Марден до предела оттянул кожу на Диминой лодыжке. Казалось, рыболовный крючок порвёт её уродливым шрамом. Проводник замер. Правой рукой поднял нож. Дима отдал последние силы на сопротивление. Дрожал. С ним дрожало всё вокруг. И Марден дёрнул рукой – резким движением срезал оттянутую кожу. Крючок отскочил с окровавленным лоскутом.

– ¡Dámelo! – скомандовал Марден.

Дима, ошеломлённый, оглушённый, вывернутый наизнанку, отчаянно втягивал воздух через пальцы чужой руки. Воздух наполнял лёгкие, раздувал грудь, но Дима не мог остановиться – вдыхал глубже, и вдох был бесконечным.

Мальчишка откуда-то из темноты за границами белого света фонариков передал проводнику мачете с раскалённым наконечником. Когда оно с шипением опустилось на кровоточащую зияющую рану на Диминой лодыжке, боль захлестнула без остатка. Дима выструнился. Ни Максим, ни Аня не смогли его удержать. И Дима продолжал подниматься выше и выше. Его затягивало под плетёный полог леса, тащило через сучья и листья, а потом выпростало из влажных крон навстречу чёрным разливам неба. Исчез весь мир, а с ним исчез Дима.

Глава двенадцатая. Суд

Прекрасный день! Илья Абрамович наслаждался последними часами отдыха, ждал задуманного Скоробогатовым представления – с утра организовал необходимые декорации, желая не только услужить Аркадию Ивановичу, но и отвлечь суеверных агуаруна от найденных ими костей. Индейцы вчера наткнулись на перенесённые от святилища безымянные останки. Нужно было всё-таки побросать их в реку.

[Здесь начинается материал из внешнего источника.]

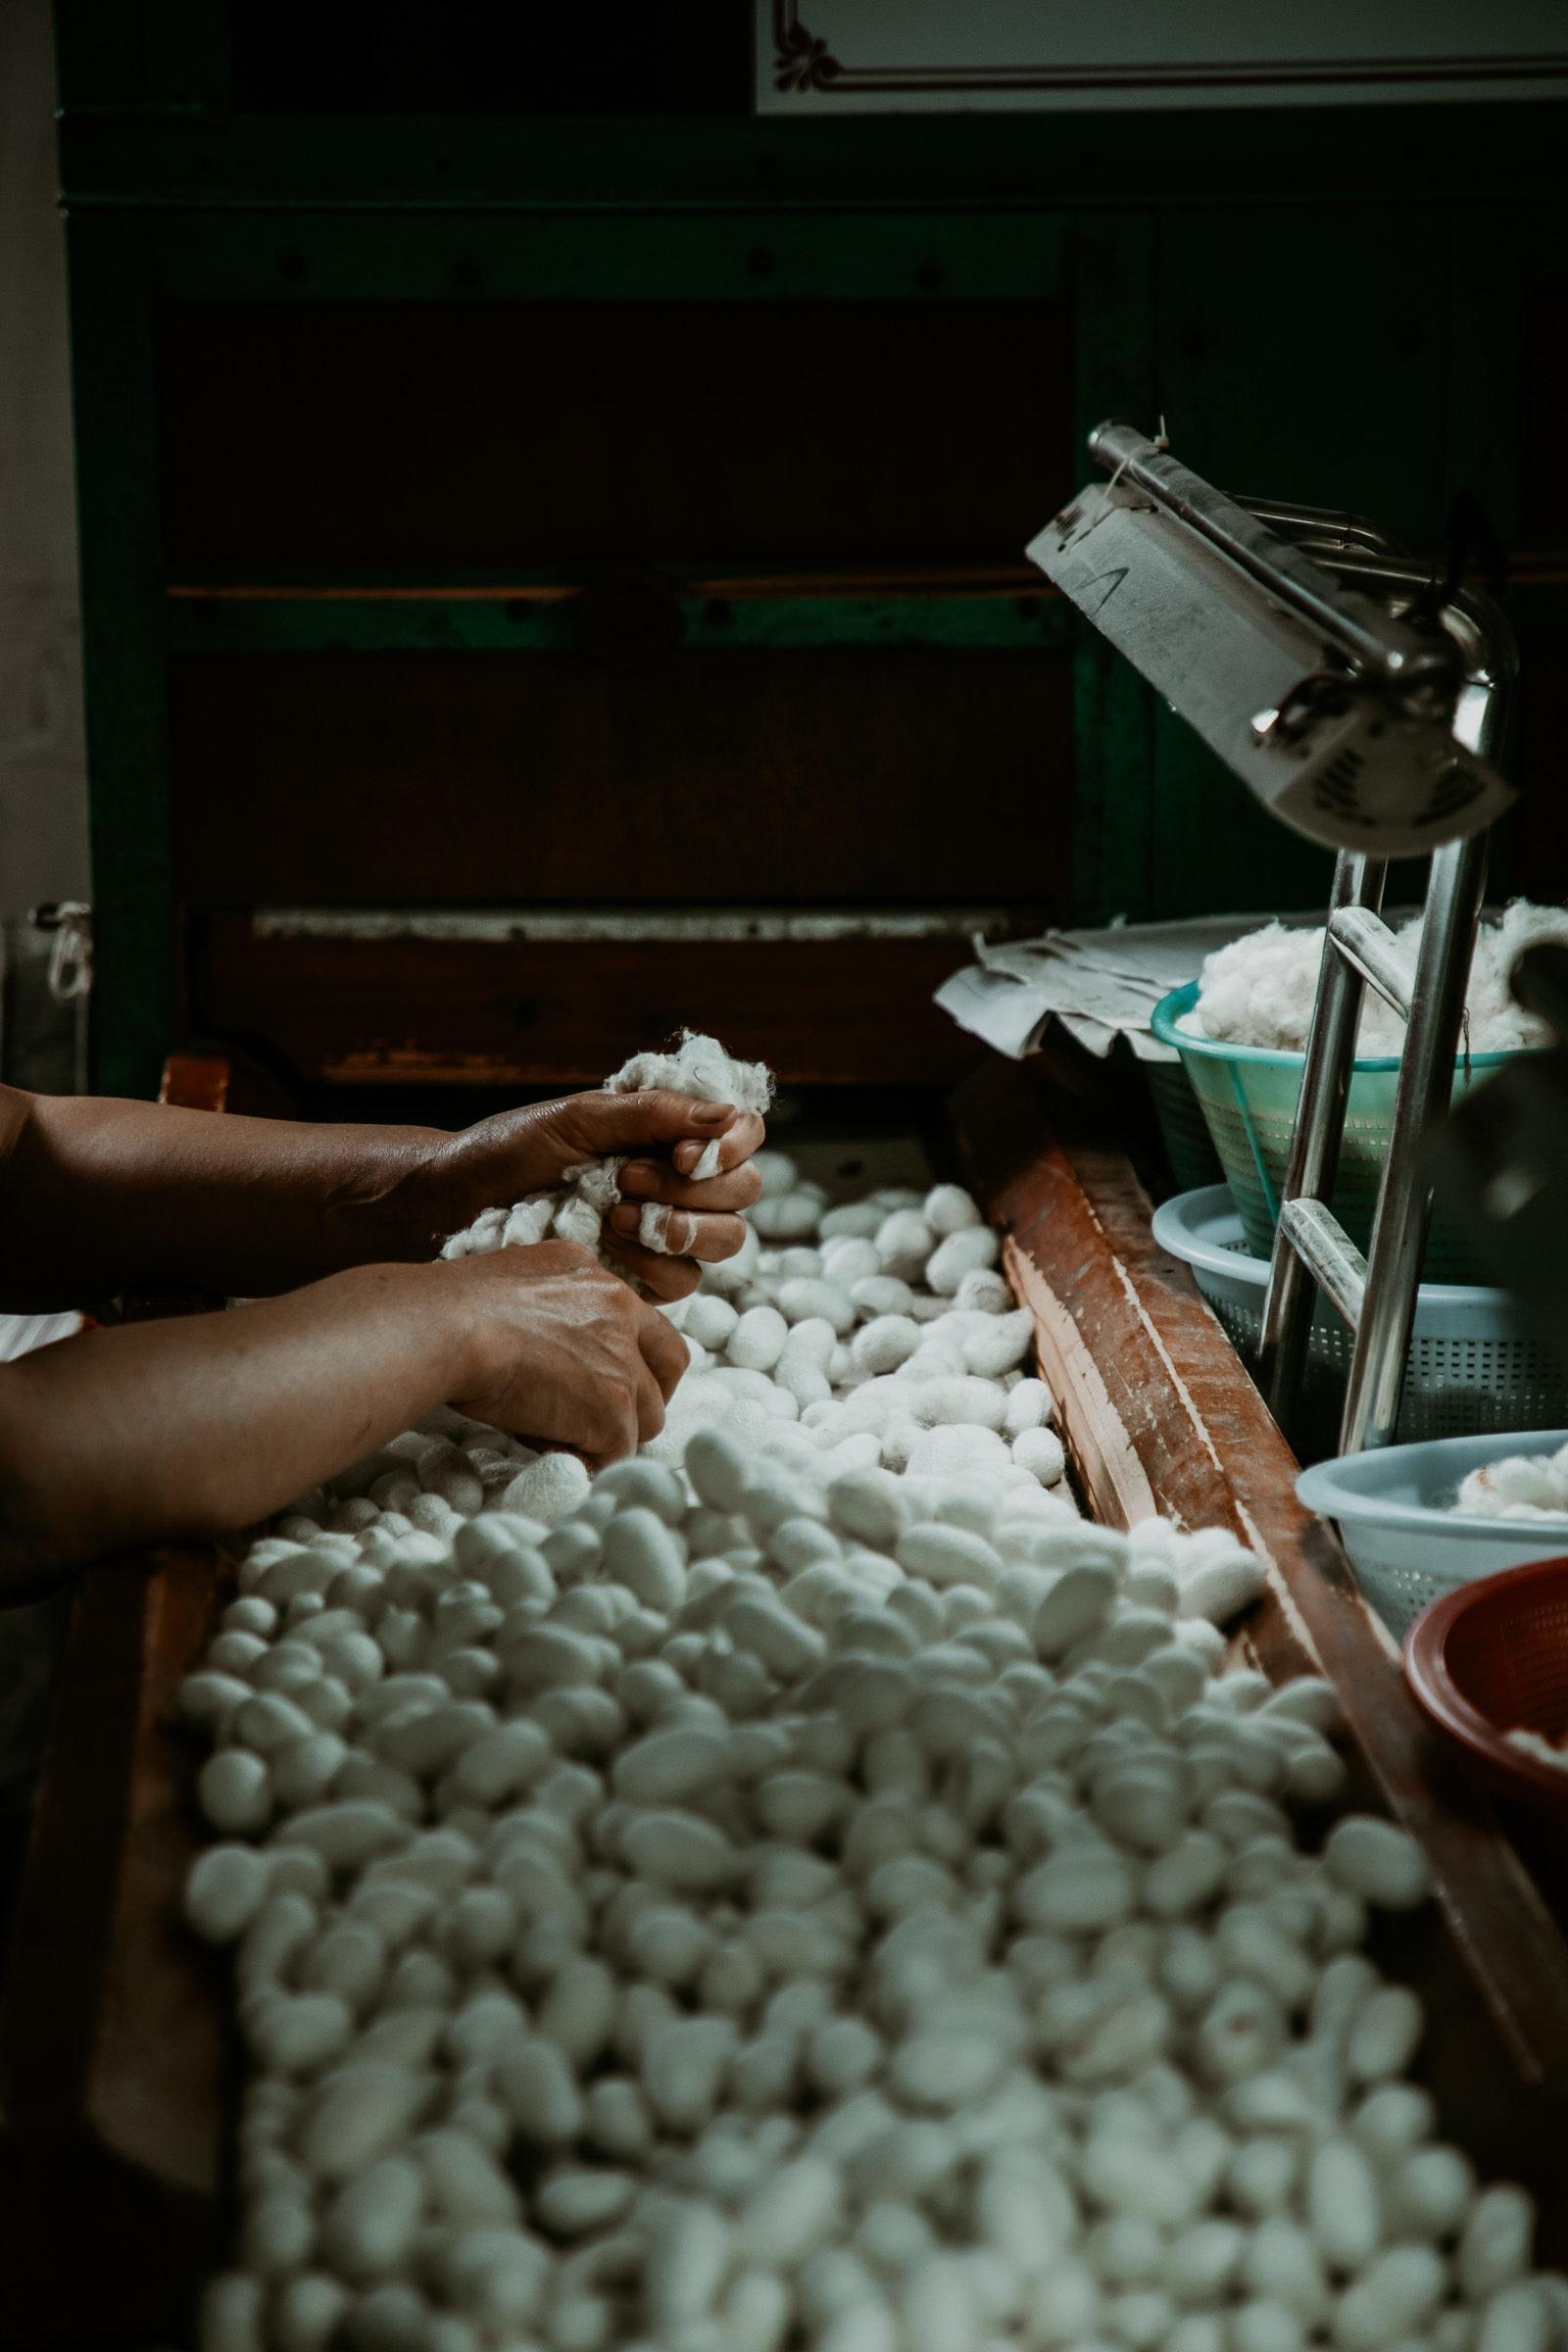 Suzhou Sehenswürdigkeiten Seidenfabrik Kokons Seidenraupe

Жужжание и стрекот насекомых заполнили воздух удушающим гулом. Москиты в солнечную погоду волнами штурмовали людей, однако Илья Абрамович позволил себе раздеться по пояс. Устал от одолевшей его потницы. Пузырьки с липкой жидкостью поразили его тело, несмотря на ухищрения доктора Муньоса и юного Мехии. Стоило жжению прекратиться в одном месте, как оно усиливалось в другом. И места были неудобные, срамные: в паху, в складке между ягодицами и в подмышках, где сыпь срослась в мокнущую корку – она трескалась и сочилась от резких движений.

Илья Абрамович, сидя за складным столиком, старался не прижимать локти к бокам, а рядом стояли Орошпа и Тарири из кандоши – не переставая обмахивали Егорова сплетёнными из пальмовых листьев опахалами: отгоняли кровососущих гадов, баламутили насыщенный испарениями воздух, отчего дышать было чуть легче, и к тому же прикрывали его спину от неожиданно крепкого солнца. Разве не прелесть? Егоров готовился к позднему завтраку. Баникантха оттёр пластиковую столешницу от застарелых пятен, выковырял из-под алюминиевой окантовки сухарные крошки и расплодившихся там червячков, а теперь спешил от полевой кухни с мисками. Нёс Илье Абрамовичу чудесного тапира с чёрной фасолью и лепёшками из маниоковой крупы. Егоров в предвкушении глотал слюну. Радовался своему аппетиту. Агуаруна знали толк в местной живности. Называли тапира «sachavaca» – дикой коровой. Его мясо в самом деле напоминало говядину; из такого можно сделать вполне сносный гамбургер, весь секрет в том, чтобы правильно его приготовить.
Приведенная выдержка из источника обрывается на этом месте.